So I agree. If/when we overcome this, we'll be more capable than those who don't know the struggle of SA to help those who are experiencing it.


----------



## hoddesdon (Jul 28, 2011)

No.


----------



## Mango Reinhardt (Jan 10, 2013)

I suppose combatting SA is a challenge. And if you confront that challenge it will inherently make you stronger. To be honest though I wish I could just snap my fingers and make all my anxieties go away.


----------



## Craig91 (Dec 17, 2012)

The point was that what you go through to deal with Social Anxiety will make you a better person. People who do not have Social Anxiety are not perfect they have issues too, a lot of them similar to those that dominates the lives of people with Social Anxiety. 

The thing is I have this problem and there is no point getting angry or depressed about it which admittedly is not easy. Therefore, my point was once I finally get over this, and I WILL, I hope that I'll be a strong person for it.

Thank you to the people that appreciated this post I was trying to make an effort to write a positive post which can be difficult.

@Hoddesdon: care to elaborate? Do you think it is right to answer a post that is clearly going to hard to write with a one word answer...?

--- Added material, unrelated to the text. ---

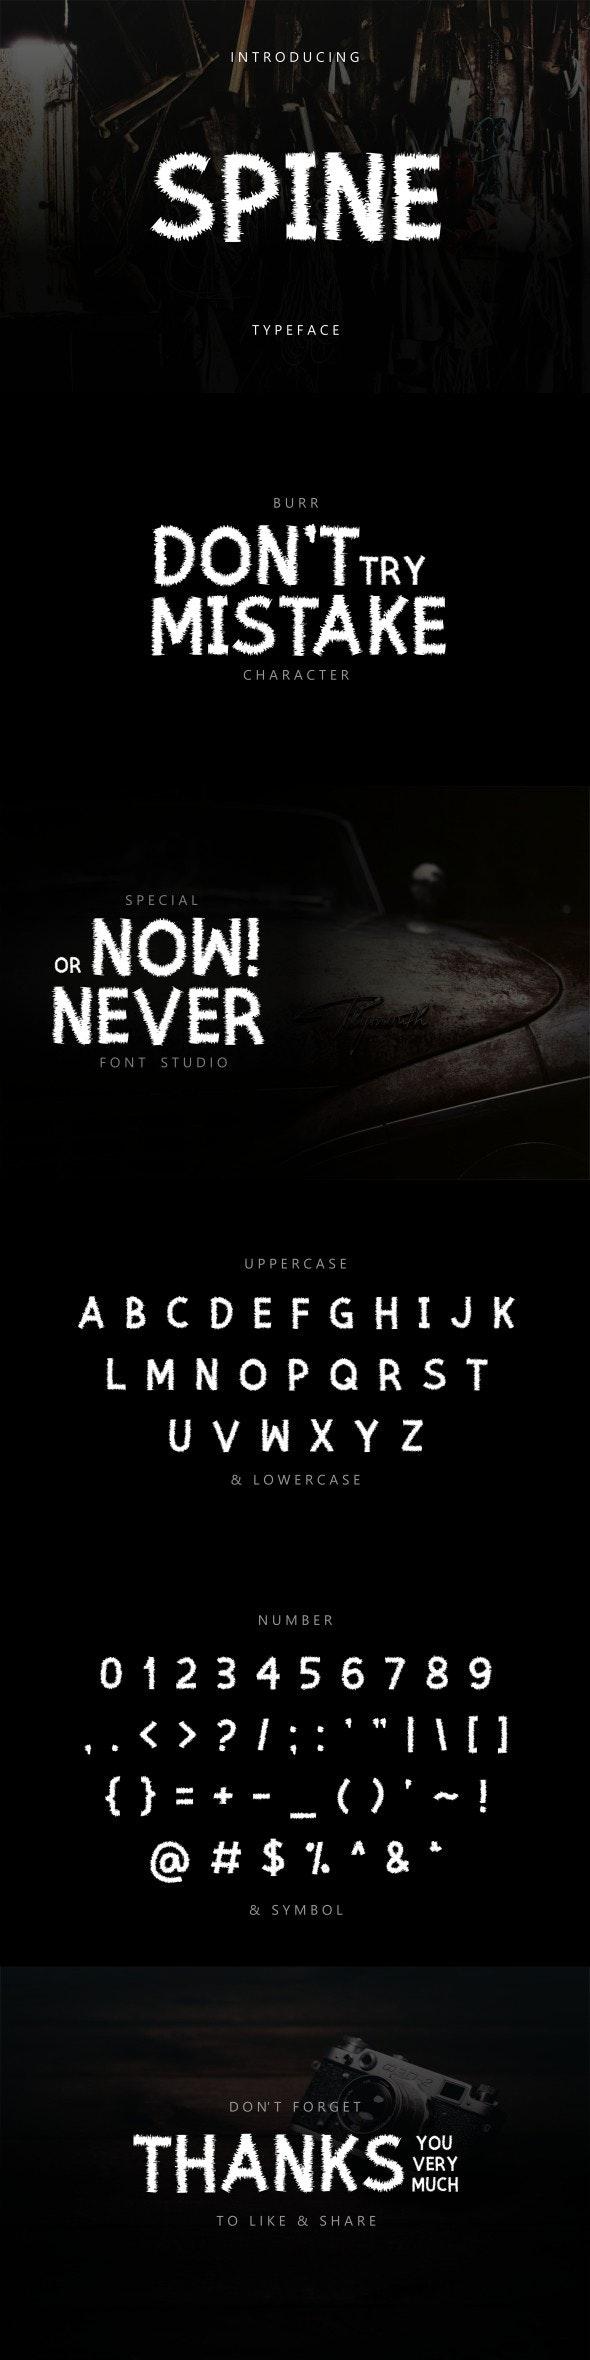 Spine Typeface Font - Sans-Serif Fonts

And, yes I wish I could snap my fingers too...


----------



## ryobi (Jan 13, 2009)

I think SA may have made me a better son and boyfriend and possibly a better father if I ever have kids someday.

It's definitely means that I think for myself. If I were in Germany in the 30's I doubt I would of been swept up into Nazism and I also don't support my own country when it kills women and children. I think that's good. Even though it would be easier to mindlessly wave a flag like almost everyone else.


----------



## Drex (Jan 12, 2013)

ShadowHolly said:


> I love this perspective Craig I know that not all SA is caused by a rough childhood, but from my experience with others (and myself) it has been. I heard a woman on TedTalks recently describe how compassion is born from suffering and that those who suffer can rise from their suffering with great empathy for others. I thought that was so beautiful - and maybe in some way the suffering created by SA and the experiences that led to it, will help us be kinder more understanding people.
> http://www.ted.com/talks/joan_halifax.html


This is basically the ideology behind buddhism (yeah, getting a little religious here). The end of suffering is done through the understanding and practice of love and compassion.

On topic,
SA has made me really observative for little details about people and made me more empathic to others.


----------